A.F.M Nurur Rahman shared a similar experience; the Bangladeshi RMG sector has also taken a massive hit from the pandemic as the cancellations have been far more damaging to the industry. Analogous to Srilanka, Bangladesh’s RMG exports are heavily dependant of the US, EU and other G20 countries and the economic forecast for the countries are not very encouraging. The disruption started in December 2019 has been prevalent throughout 2020.

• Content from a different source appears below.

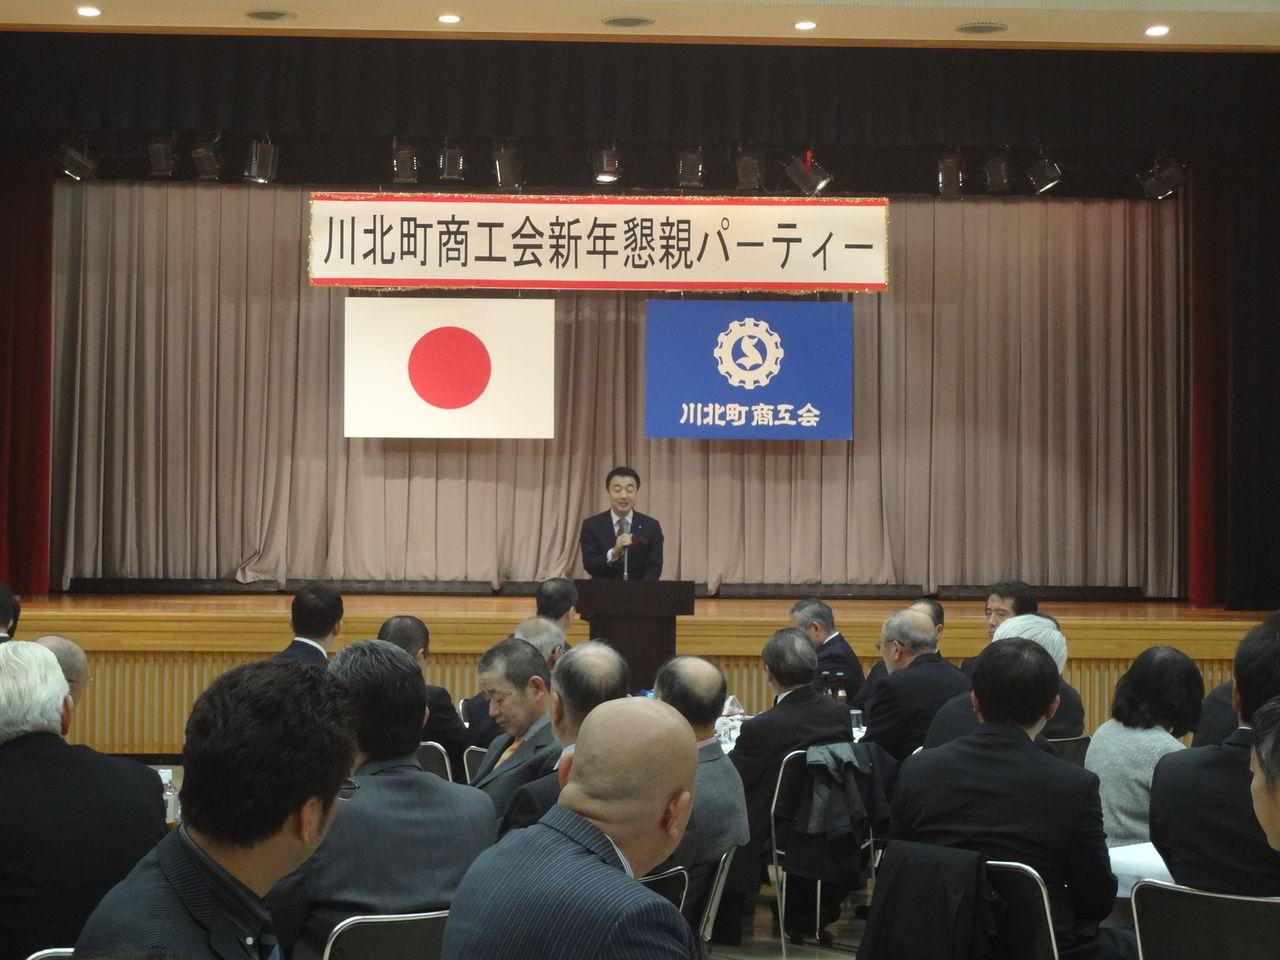 2013:01:20:2248川北町商工会新年懇親パーティー

According to Bangladesh Garment Manufacturers and Exporters Association (BGMEA), the industry has lost close to 5 billion dollars worth of orders. After the initial shutdown, factories across Bangladesh started operating in May due to social distancing regulations. As a cost-cutting measure, RMG factories in Bangladesh streamlined their workforce at the top positions by reducing highly paid executives and implementing reduced working hours.

 

The panellists discussed non-financial short term government support for the industry in both countries to ensure robust growth.

 

 

Srilanka:

The stakeholders of the industry are in contact with the government to ratify numerous Free Trade Agreements FTA(s). Srilanka will be eligible for GSP+ status for 3-4 more years as the economic status of the country has declined in recent times (upper-middle-income country to lower middle income country). The government also needs to evaluate the enormous trade deficits that exist with countries like India and China and look to reduce the gap. Most importantly, it has to assess and remove import restrictions on products that are necessary for the economic growth of the country.

Bangladesh: 

The government can aid the sector by facilitating faster port facilities and other administrative barriers to trade. It has to address the increasing port congestion and implement directives to manage the congestion. The stakeholders of the industry have to understand the shifting dynamics of the sector in the global markets and adapt accordingly. The government also take initiatives to increase the capacity of the shipping companies that will enable the factories to respond fasters to demands. Government has also to ensure uninterrupted energy supply to the factories. Energy disruption can seriously impede growth. Concurrently, the government can work with the private sector to set up medical facilities for workers at the proximity of their work or residence. The focus has to remain firm on the mental and physical well being of the workers.